I could work as much and eat as much as a man--when I could get it--and bear the lash as well! And ain't I a woman? I have borne 13 children, and seen most all sold off to slavery, and when I cried out with my mother's grief, none but Jesus heard me! And ain't I a woman?

Six years later, on March 8, 1857, the slogan "Ain't I A Woman" was carried on placards by women textile workers in Sojourner's home state of New York, protesting against low wages and inhumane working conditions.


NEW YORK women marched, 15,000-strong, again on March 8, in 1908, demanding shorter work hours, better pay, voting rights and an end to child labor. They summed up their demands as "Bread and Roses." The march and the slogan were to inspire a poem by James Oppenheim, published in The Atlantic three years later.

And the poem, somewhat adapted, became the marching song of women garment workers in Lawrence, Massachusetts, the year after that, when they came out for higher wages and union rights in a strike which united dozens of immigrant communities under the leadership of the Industrial Workers of the World.

As we come marching, marching in the beauty of the day,
A million darkened kitchens, a thousand mill lofts gray,
Are touched with all the radiance that a sudden sun discloses,
As the people hear us singing: Bread and roses!
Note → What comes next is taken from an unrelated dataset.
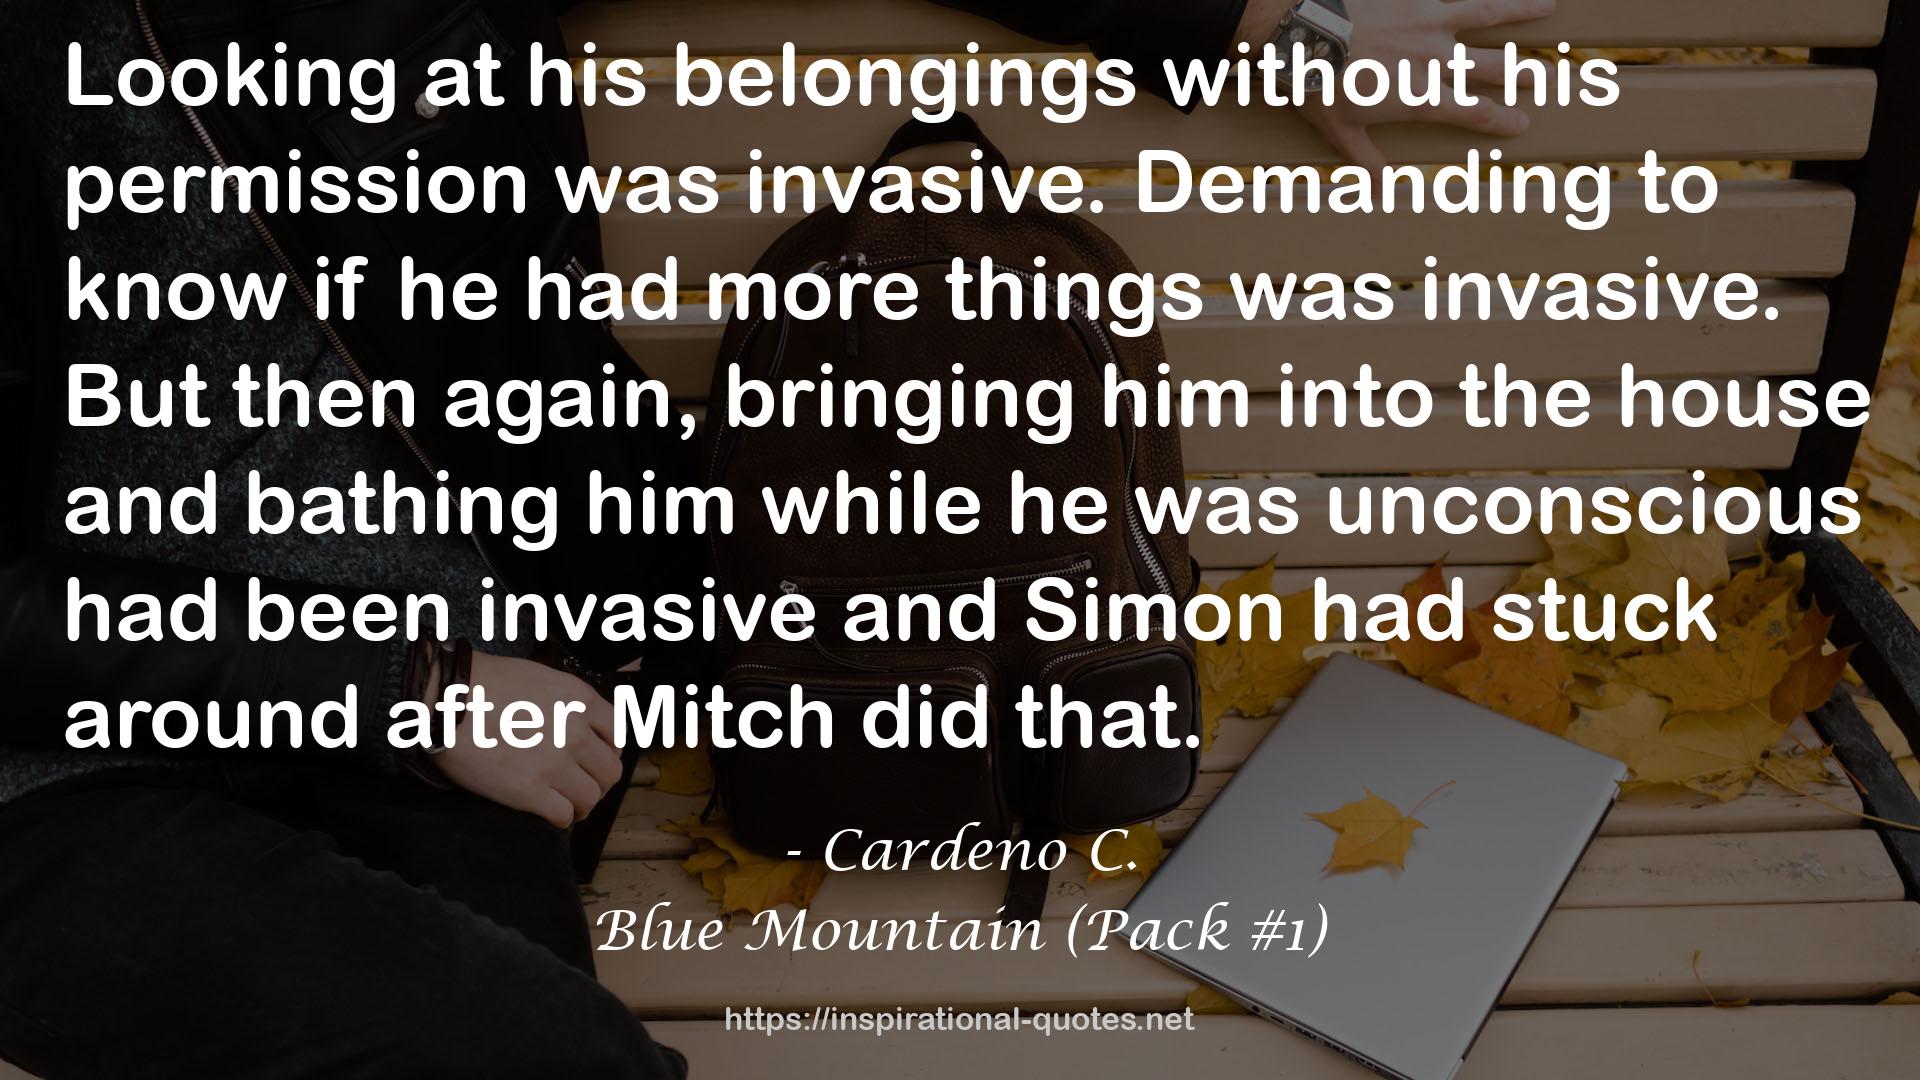 Blue Mountain (Pack #1) QUOTES

Bread and roses!...
As we come marching, marching, unnumbered women dead
Go crying through our singing their ancient cry for bread.
Small art and love and beauty their drudging spirits knew.
Yes, it is bread we fight for, but we fight for roses, too!...
Our lives shall not be sweated from birth until life closes;
Hearts starve as well as bodies: Bread and roses! Bread and roses!

One of the IWW organizers in Lawrence was 21-year-old Elizabeth Gurley Flynn. At a fundraiser for the strikers, she declared:

The queen of the parlor has nothing in common with the maid in the kitchen; the wife of a department store owner shows no sisterly concern for the 17-year-old girl who finds prostitution the only door open to a $5-a-week wage clerk. The sisterhood of women, like the brotherhood of men, is a hollow sham to labor. Behind all its smug hypocrisy and sickly sentimentality are the sinister outlines of the class war.
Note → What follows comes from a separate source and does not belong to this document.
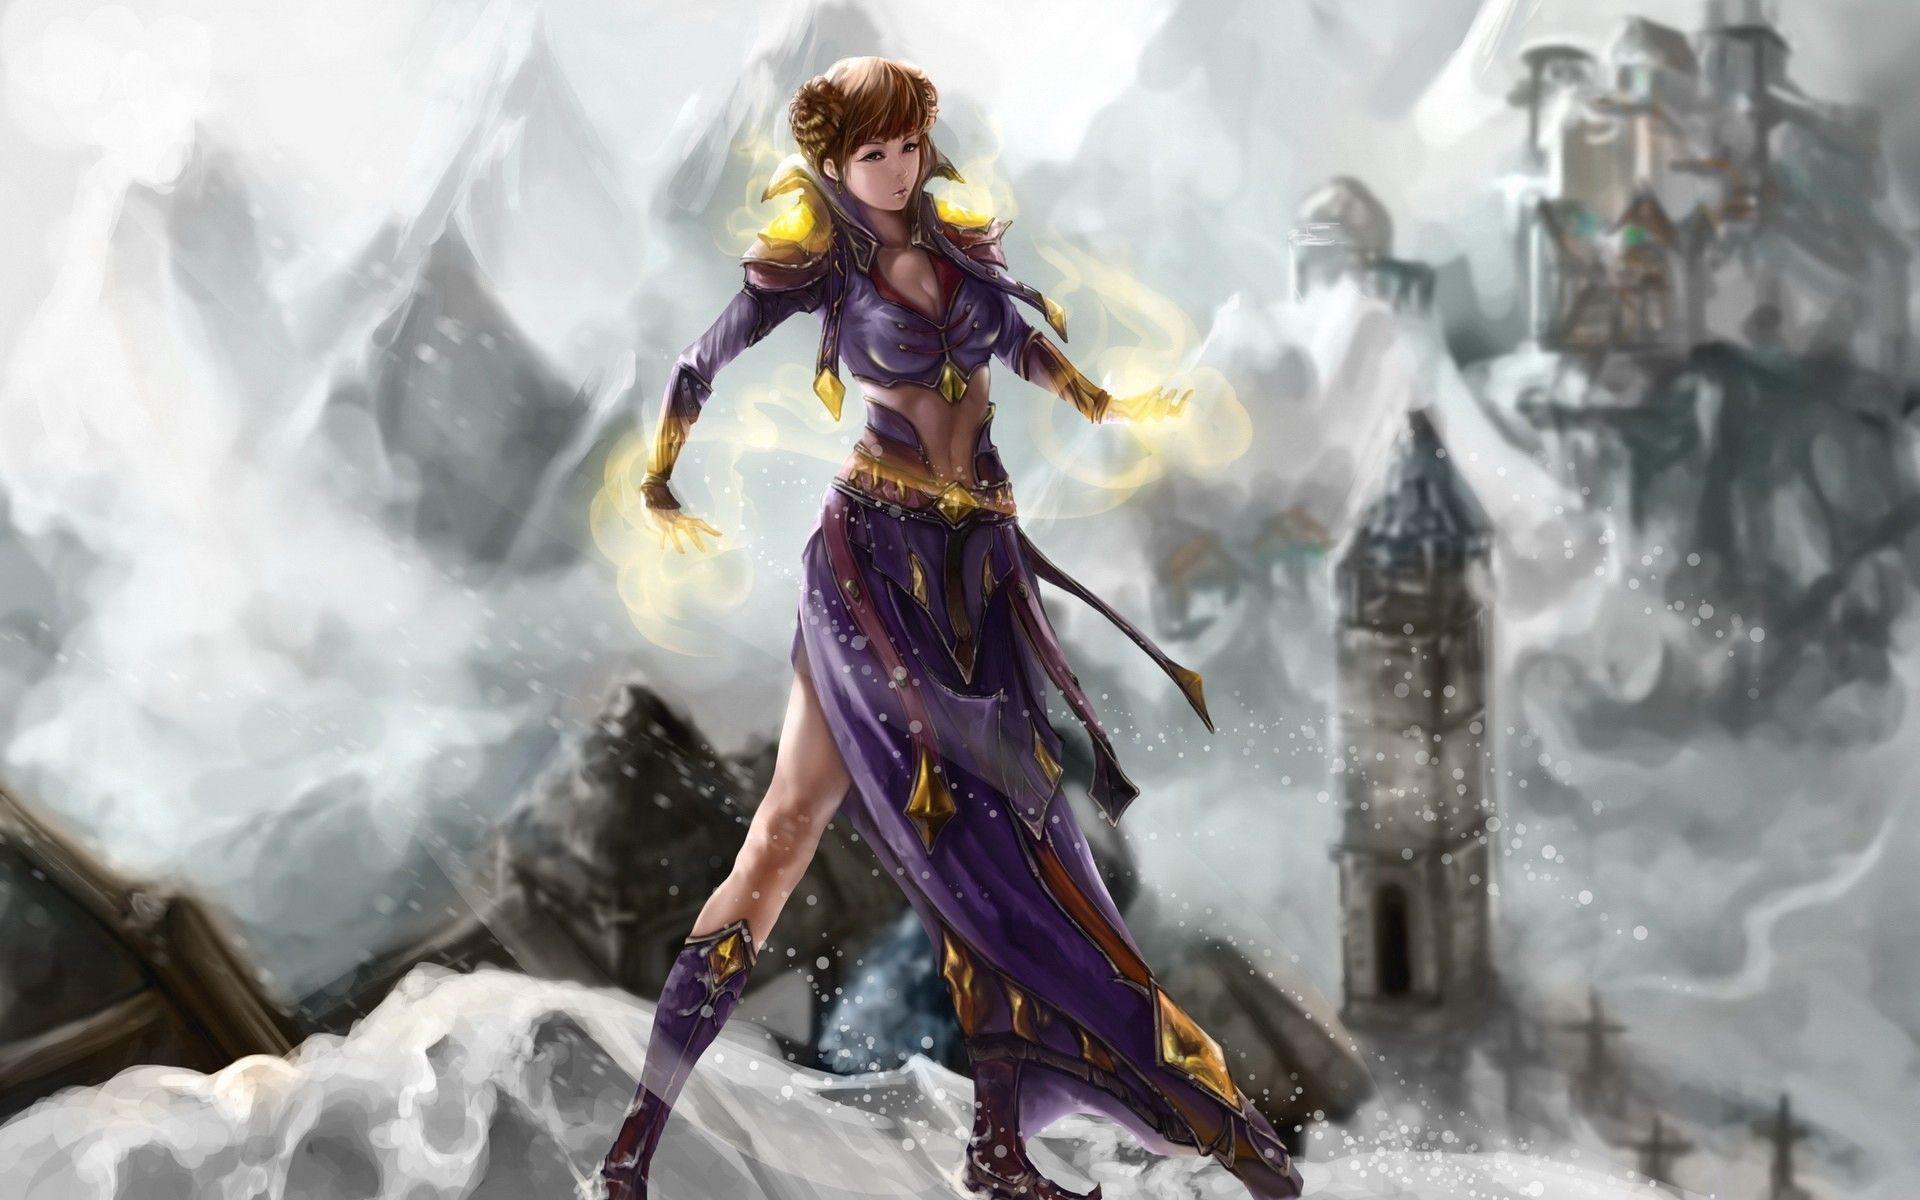 Mage, mountains, snow, castles, World of Warcraft, RPG, human

Exactly 100 years after Soujourner Truth's speech, in 1951, also in Akron, Ohio, Chrissie Hynde was born.

She attended Kent State University, and was an antiwar activist and close friend of Jeffrey Miller. One of the iconic photographs of the age shows another student kneeling over Miller's body, gunned down by a National Guardsman while protesting the invasion of Cambodia.
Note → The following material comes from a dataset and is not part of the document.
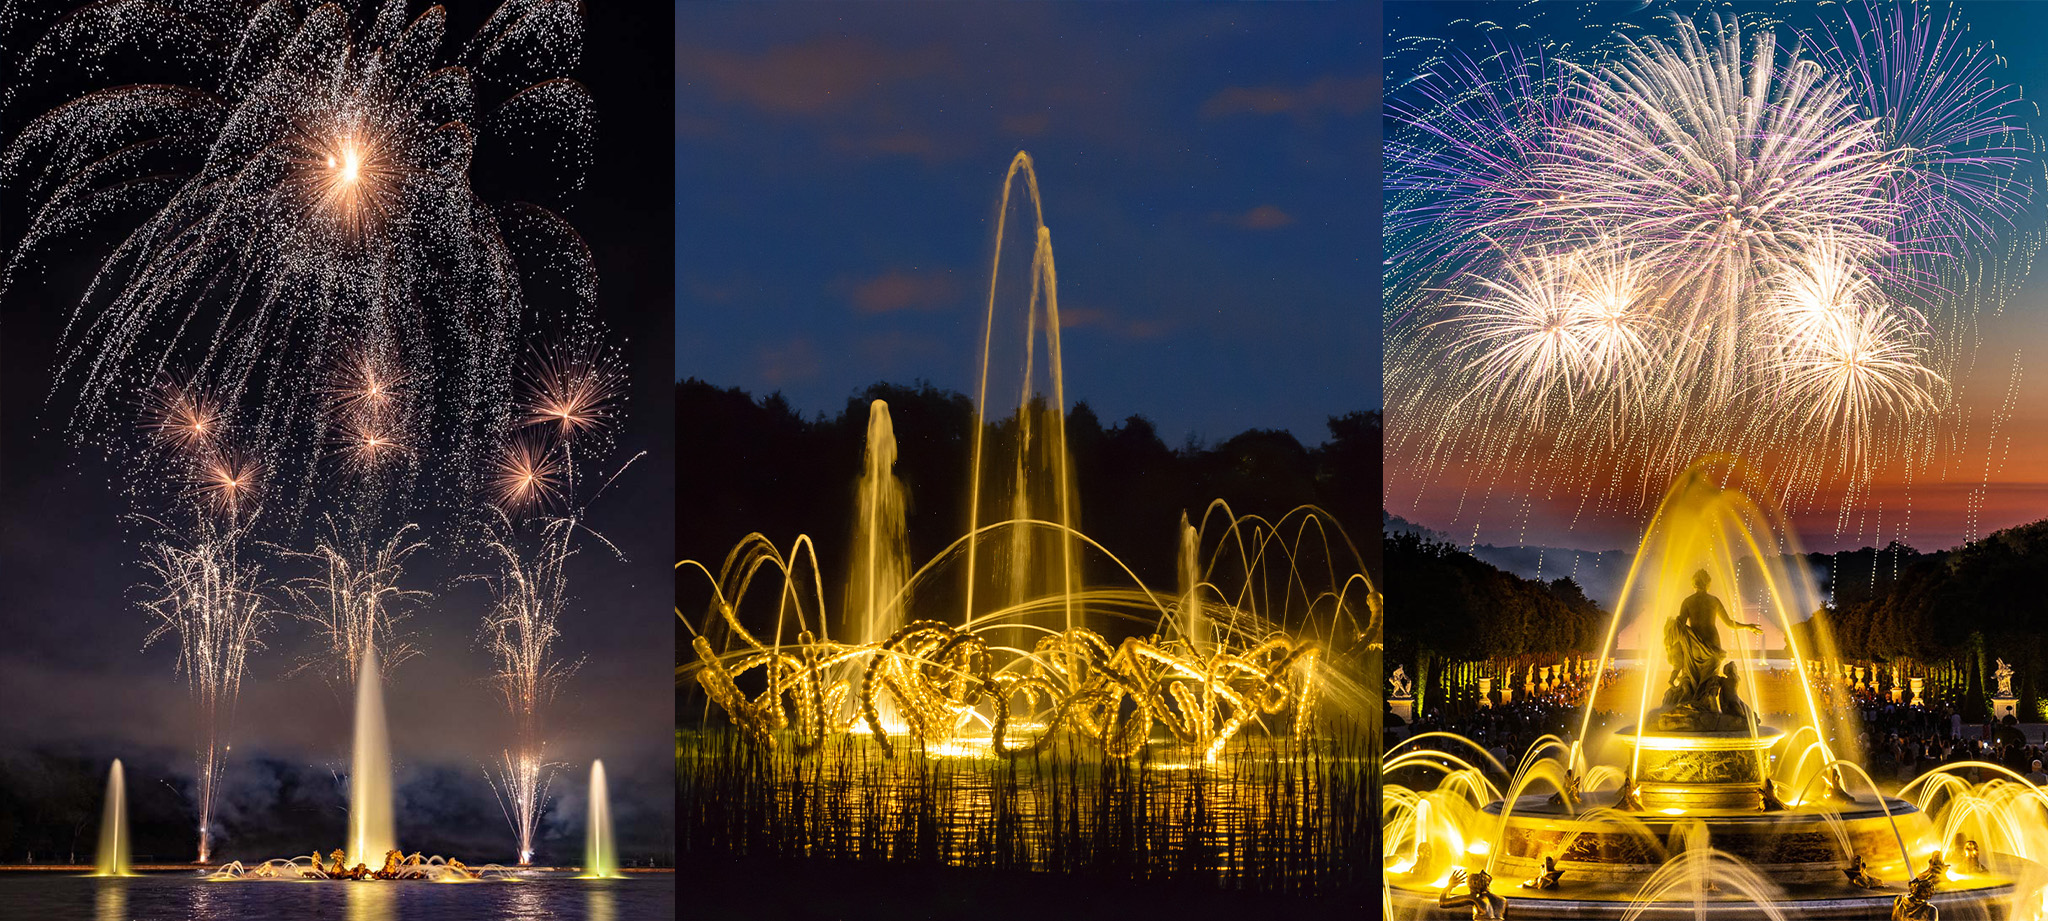 The Night Fountains Show at the Palace of Versailles: firewords at the palace of versailles, Chateau de versailles, in the gardens with fountains. © Nicolas Chavance

Hynde's band, the Pretenders, included her song for Jeffrey Miller, "Revolution," on their 1994 album Last of the Independents:

The fond fear of danger,
That's what sets us apart,
Couldn't wait for the real world
To test the strength of the lion's heart...
When we watch the children play,
Remember how the privileged classes grew.
And from this day, we set out
To undo what won't undo.
Looking for the grand in the minute.
Every breath justifies
Every step that we take to remove what the powers that be can't prove
And the children will understand why.
I want to die for something.
Bring on the revolution,
Don't want to die for nothing.
Bring on the revolution,
I want to die for something.

There's the connection between Mary Wollstonecraft and Chrissie Hynde. It's the tradition coming down, the river ever-flowing, the women marching, marching.